Nature Communications (May 2025)

CellFM: a large-scale foundation model pre-trained on transcriptomics of 100 million human cells

  • Yuansong Zeng,
  • Jiancong Xie,
  • Ningyuan Shangguan,
  • Zhuoyi Wei,
  • Wenbing Li,
  • Yun Su,
  • Shuangyu Yang,
  • Chengyang Zhang,
  • Jinbo Zhang,
  • Nan Fang,
  • Hongyu Zhang,
  • Yutong Lu,
  • Huiying Zhao,
  • Jue Fan,
  • Weijiang Yu,
  • Yuedong Yang

DOI
https://doi.org/10.1038/s41467-025-59926-5
Journal volume & issue
Vol. 16, no. 1
pp. 1 – 17

Abstract

Read online

Abstract Single-cell sequencing provides transcriptomic profiling at single-cell resolution, uncovering cellular heterogeneity with unprecedented precision. Yet, current single cell data analysis suffers from the inherent data noises, batch effects, and sparsity, highlighting the requirement of a unified model to represent cellular states. To circumvent this problem, many recent efforts focus on training single-cell foundation models based on large datasets. However, current human foundation models are still limited by the sizes of training data and model parameters.
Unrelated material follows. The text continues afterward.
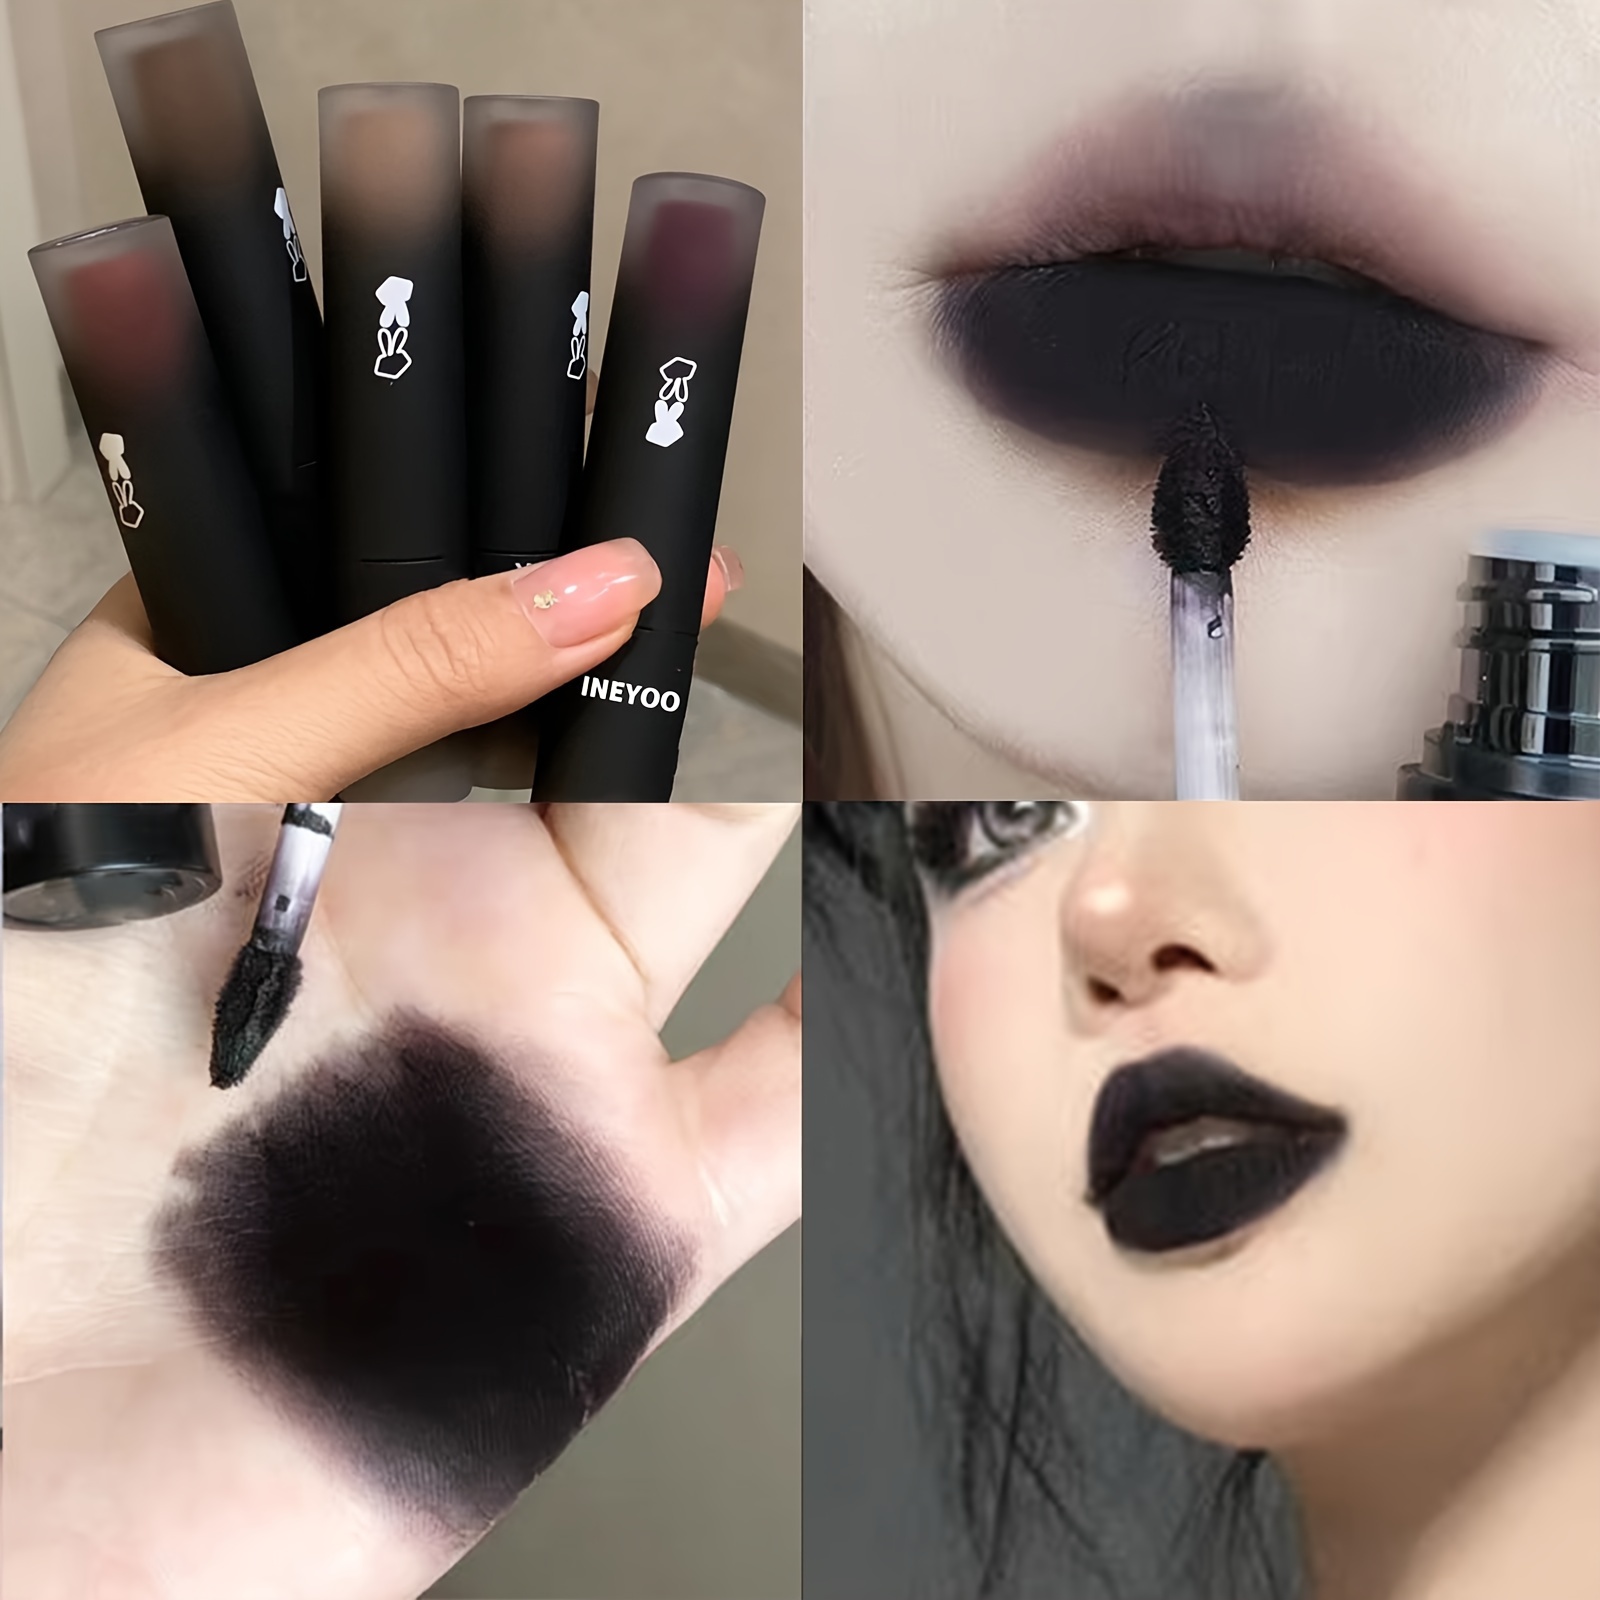 

Ineyoo Velvet Lip Glaze, Elegant Gothic Black Matte Finish, Long-lasting Liquid Lipstick, Waterproof, Smudge-proof, Party Lip Makeup
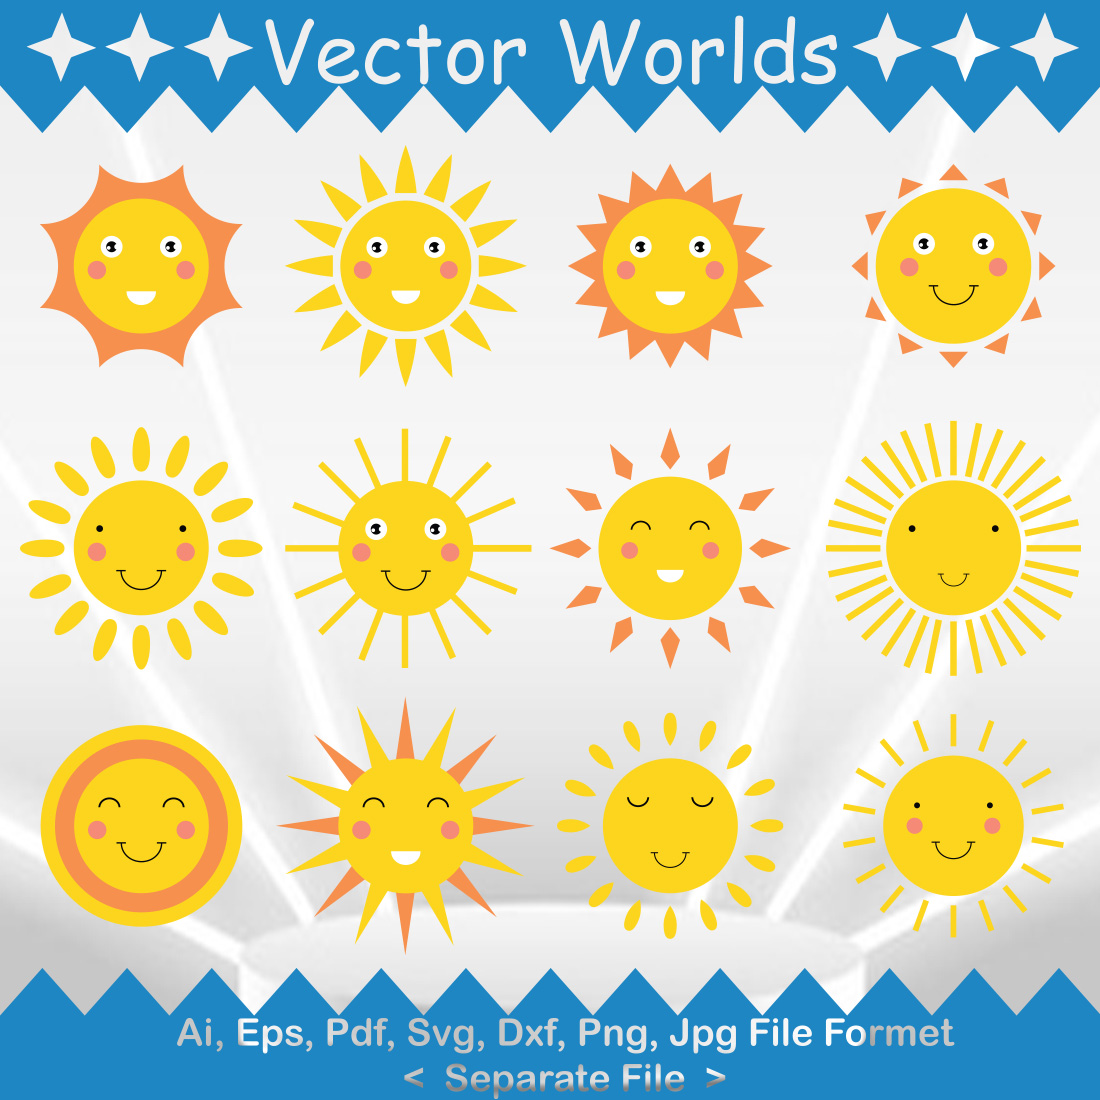 Sun SVG Vector Design cover image.

Here, we have collected a diverse dataset of 100 million human cells, on which we train a single-cell foundation model (CellFM) containing 800 million parameters. To balance efficiency and performance, the model is trained through a modified RetNet framework on the MindSpore. Extensive experiments have shown that CellFM outperforms existing models in cell annotation, perturbation prediction, gene function prediction, and gene-gene relationship capturing.